Influenciado por instituições como o Banco Mundial, a OCDE e Unesco, que formulam as diretrizes políticas em nível global dentro do contexto neoliberal no qual as políticas estão inseridas, o Estado é levado a adotar essas diretrizes. Dessa maneira, as políticas são regulamentadas e, no caso das educacionais, são impostos padrões para se estabelecer o que é qualidade.

Tal influência é reforçada pela internacionalização da educação superior que estabeleceu critério de equiparação entre currículos internacionais e, com isso, a mobilidade acadêmica em escala global (MAGALHÃES, 2011). A Organização Mundial do Comércio (OMC) ao colocar a educação como um serviço que poderia ser gerenciado pelo mercado e não mais um bem público e dever do Estado, acirrou a concorrência entre as IES em nível mundial. A internacionalização foi facilitada pelo Processo de Bolonha, iniciado em 1988 e assinado em 19 de junho de 1999. No Acordo Geral sobre o Comércio em Serviços (AGCS) ou GATS (em inglês) assinado em 1995 se propôs a liberação da prestação dos diversos setores de serviços, inclusive da educação, em escala global, favorecendo o processo de internacionalização, que carrega consigo novos padrões de avaliação da educação em todos os seus níveis e modalidades.

Desde as tentativas de criação das universidades no país que a internacionalização, mesmo que timidamente, vem ocorrendo por meio das cooperações internacionais com o intercâmbio de docentes entre países, como com a contratação de consultores internacionais para a construção de diagnósticos sobre as IES. A partir dos anos 2000 se observou “o amadurecimento da internacionalização gestada e financiada pelas instâncias governamentais e os primeiros passos na inciativa privada” (LIMA; CONTEL, 2011, p. 160). Outro ponto a ser observado aconteceu no ano de 1995, quando o governo de Fernando Henrique Cardoso (1995 a 2002) promoveu a reforma do Estado com o objetivo de garantir maior eficiência à máquina pública.

Nesse contexto, Luiz Carlos Bresser Pereira, responsável pelo Ministério da Administração Federal e Reforma do Estado (MARE) conduziu todo o processo reformista priorizando o “fortalecimento das funções de regulação e de coordenação do Estado, particularmente no nível federal, e a progressiva descentralização vertical [...], das funções executivas no campo da prestação de serviços sociais e de infraestrutura” (BRASIL, 1995, p. 13). Em outras palavras, a reforma significou o processo de “descentralização para o setor público não-estatal da execução de serviços que não envolvem o exercício do poder de Estado, mas devem ser subsidiados pelo Estado, como é o caso dos serviços de educação, saúde, cultura e pesquisa científica” (BRASIL, 1995, p. 11-12).
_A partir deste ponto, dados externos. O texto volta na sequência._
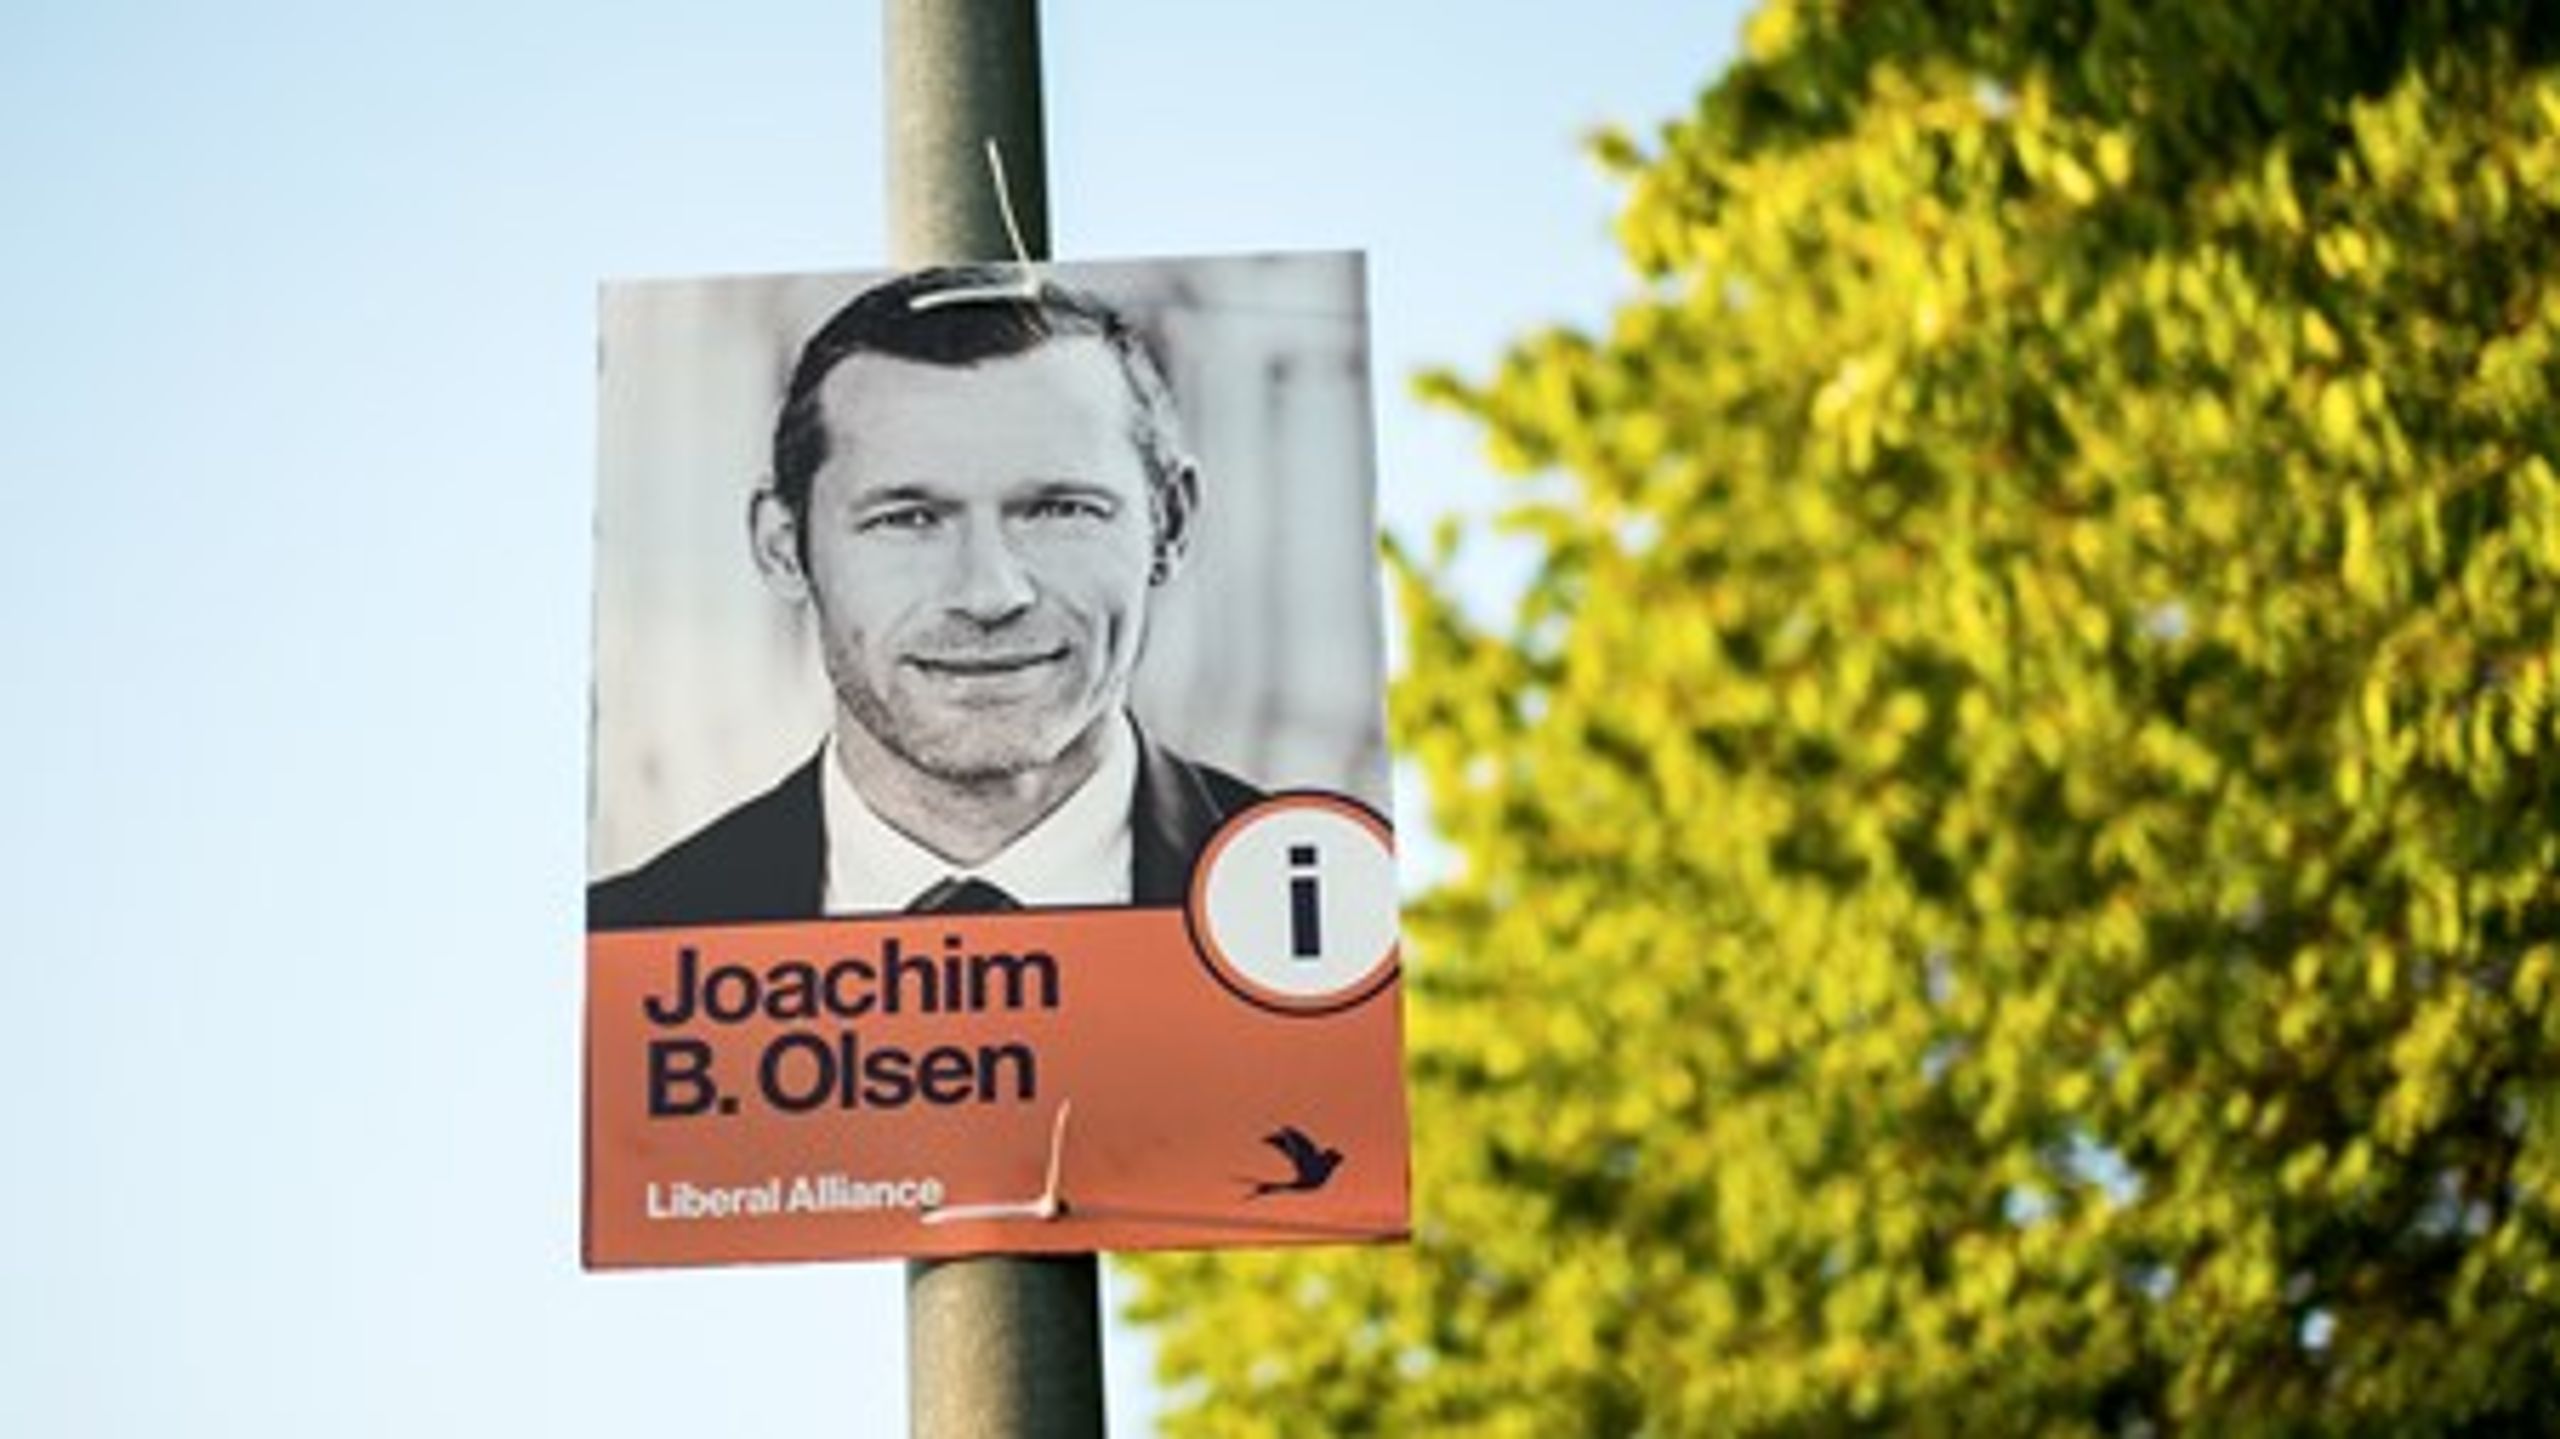 Liberal Alliances arbejdsmarkedsordfører, Joachim B. Olsen, mere end fordoblede sit personlige stemmetal ved dette Folketingsvalg sammenlignet med 2011.
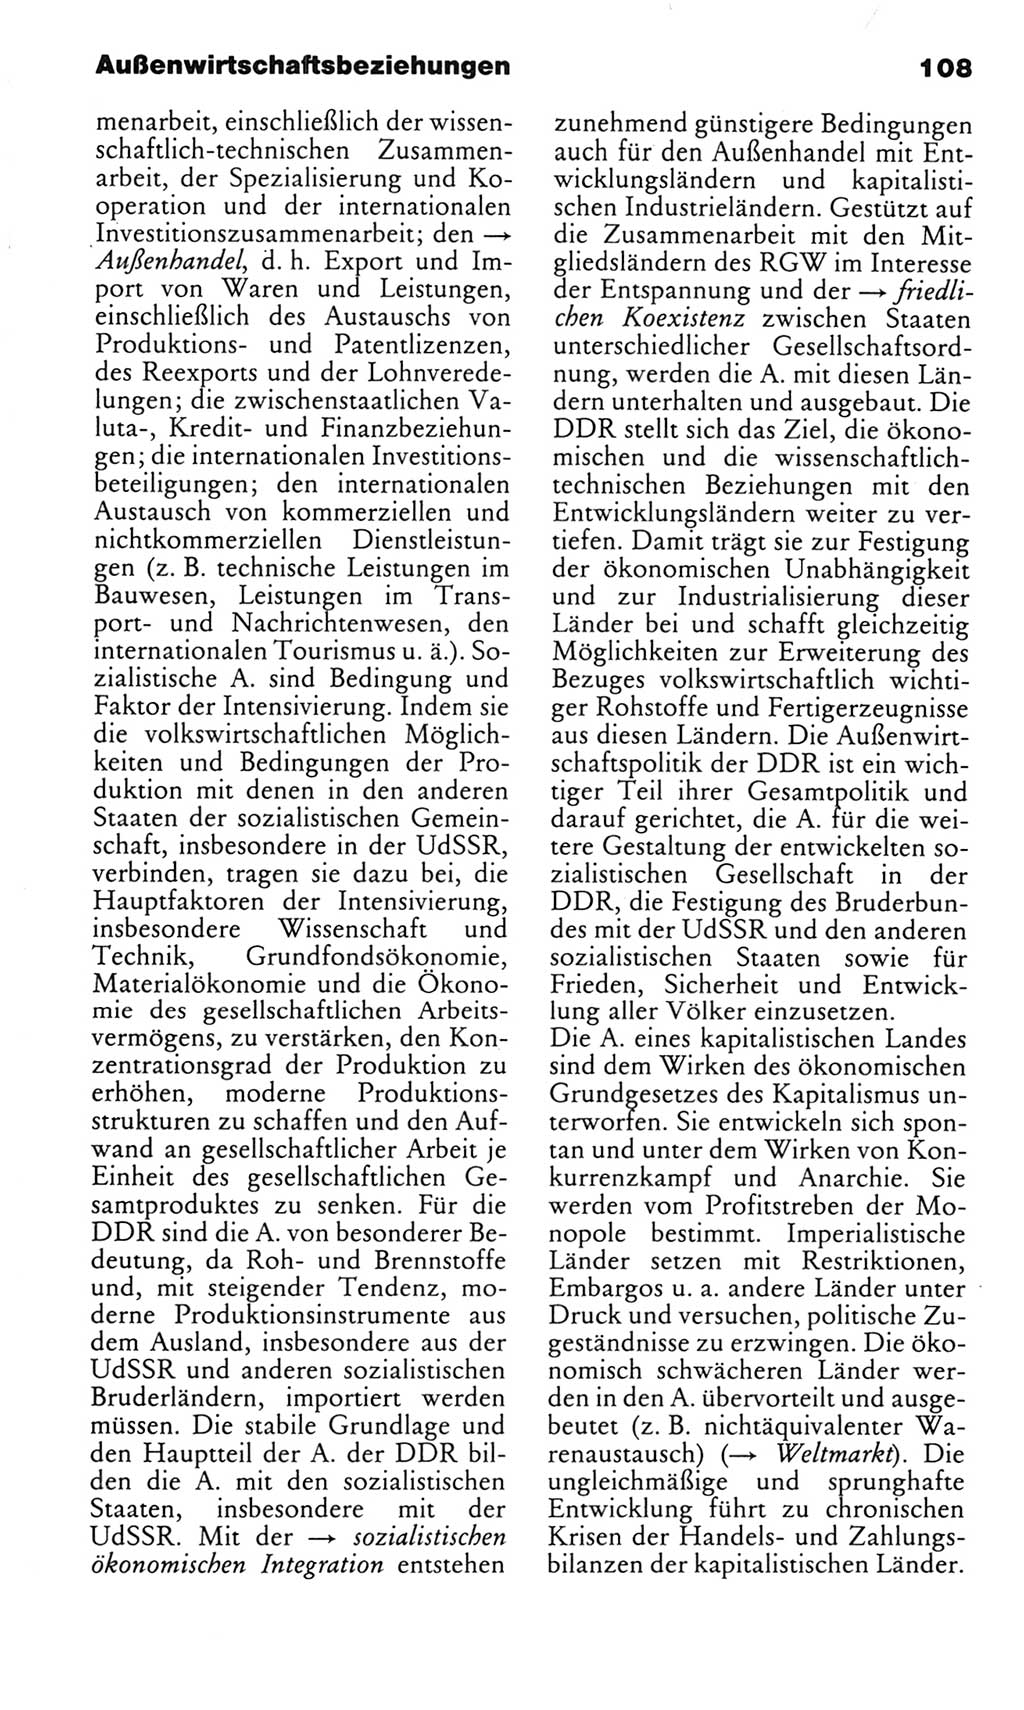 Kleines politisches Wörterbuch [Deutsche Demokratische Republik (DDR)] 1983, Seite 108 (Kl. pol. Wb. DDR 1983, S. 108)

Assim, a reforma do aparelho do Estado foi então estruturada em princípios gerenciais: eficiência nos serviços, por indicadores de desempenho, produtividade, baixo custo, descentralização, flexibilidade para atingir metas, foco nos resultados e contrato de gestão, o que implicou a transformação de muitas instituições em organizações sociais, fato legitimado pelo Programa Nacional de Publicização, criado pela Lei nº 9.637 de 15 de maio de 1998.

Nesse processo, a expansão do ensino superior brasileiro foi intensificada em todo o país, com destaque para o setor privado que cresceu de maneira acelerada, enquanto as IES públicas se mantiveram praticamente estagnadas7. Vejamos a Tabela 5 a movimentação:

Tabela 5 Número de IES e matrículas no Brasil - Setor Público e Privado 

IES MATRICULAS
Ano Públicas Privadas Públicas Privada
1996 211 711 735.427 1.133.102
2000 176 1.004 887.026 1.807.219
2004 224 1.789 1.178.328 2.985.405
2010 278 2.099 1.643.298 4.736.001
2014 298 2.070 1.961.002 5.867.011
2015 295 2.069 1.952.145 6.075.152

Fonte: Inep - Censo da Educação Superior. Elaboração própria.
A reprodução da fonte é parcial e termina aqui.